The Good Wi-Fi radio with built-in speaker and color LCD display; stylish exterior design and outstanding button placement on front panel; can access thousands of freely available Internet radio stations; streams tons of online music services (Pandora, Last.fm, Slacker, Rhapsody, Sirius, Live Music Archive); provides access to PC-based music files (on Windows, Mac, and Linux machines); supports nearly every digital audio file format, including lossless formats like FLAC and Apple Lossless; optional battery pack allows for portable operation; extensive alarm clock options; can control the radio using a Web browser or iPeng iPhone app.
The Bad Remote and battery pack cost extra; slightly more expensive than competing radios; setup could scare off tech novices; not a perfect alarm clock; doesn't sound quite as good as the Squeezebox Boom; some stability issues.
The Bottom Line The Logitech Squeezebox Radio has an exceptional design, an unmatched variety of streaming music services, and solid sonics, making it the top value pick for Wi-Fi radios.
Logitech Squeezebox Radio
Editors' note: While the Logitech Squeezebox Radio reviewed here has been discontinued, it has been replaced by the nearly identical.

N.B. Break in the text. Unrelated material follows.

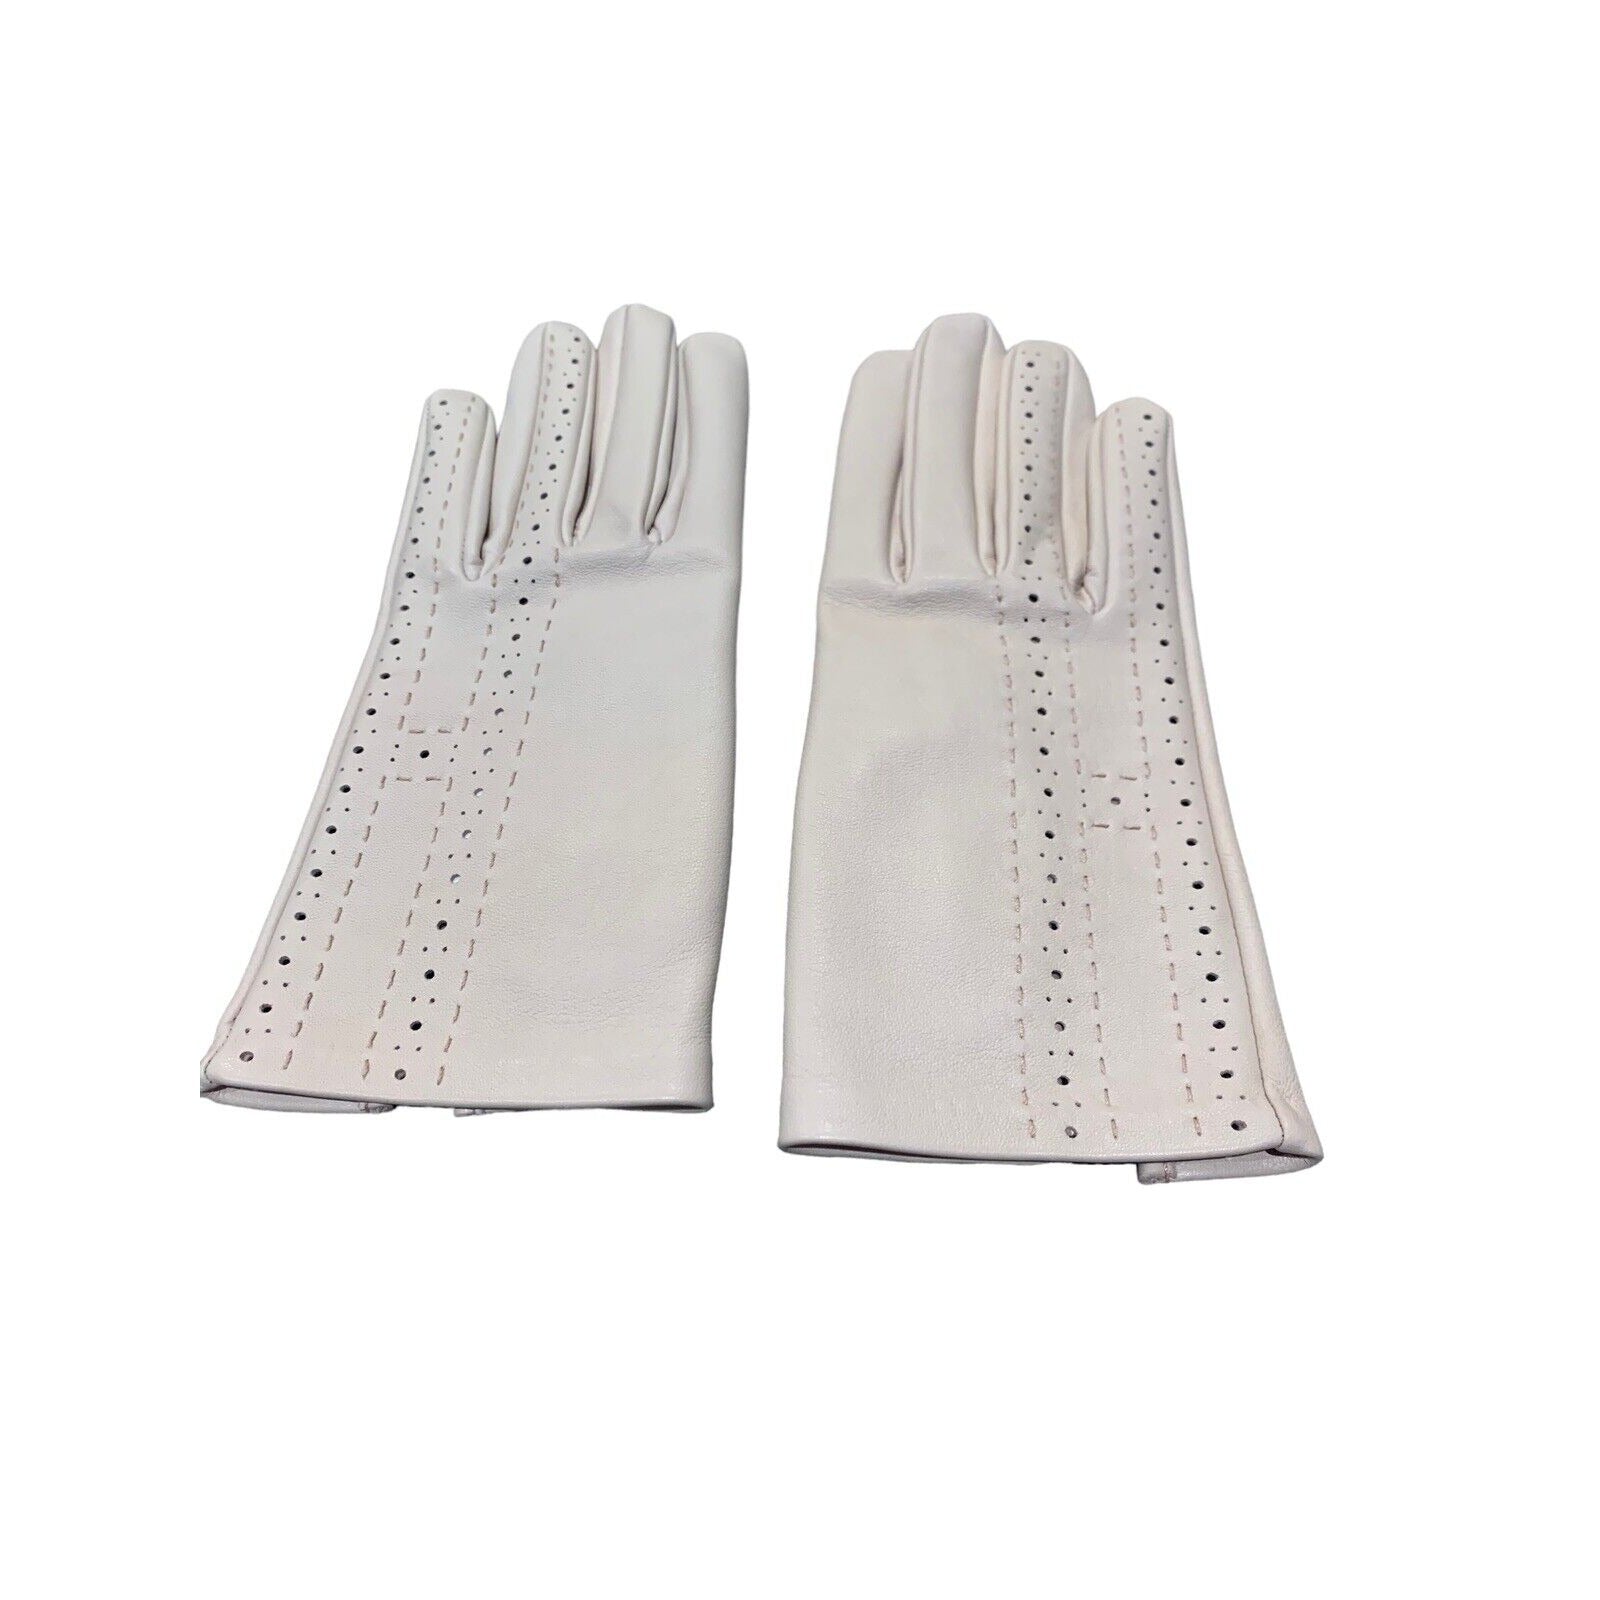 Lambskin Leather Gloves

The Squeezebox Boom has been our favorite Wi-Fi radio for some time now, but any tabletop radio that costs around $300 is going to have limited appeal. The Logitech Squeezebox Radio ($200) is designed to offer almost everything that's good about Boom in a smaller package and for less money--and it succeeds. Like every Wi-Fi radio, the Squeezebox Radio can stream thousands of Internet radio stations, but it is also adept at handling music stored on a PC, tons of online music services (Pandora, Rhapsody, Slacker, Last.fm to name a few), podcasts, and even photos via Flickr. The Squeezebox Radio's physical design is uncommonly refined, with an eye-catching color screen and superb layout of the front panel controls. Most of our complaints are nitpicks. Logitech charges extra for an accessory pack that includes a remote and a battery pack; $50 to make the Squeezebox Radio portable is fair, but the remote should have been included. The initial setup will be daunting to those new to streaming music over a home network, but after the initial time investment, it's smooth sailing. The Squeezebox Radio is more expensive than competing options like the Grace GDI-IR2000, the Livio Radio, and the VTech IS9181, but in this case it's worth paying extra for its outstanding design, unparalleled feature set, and solid sonics.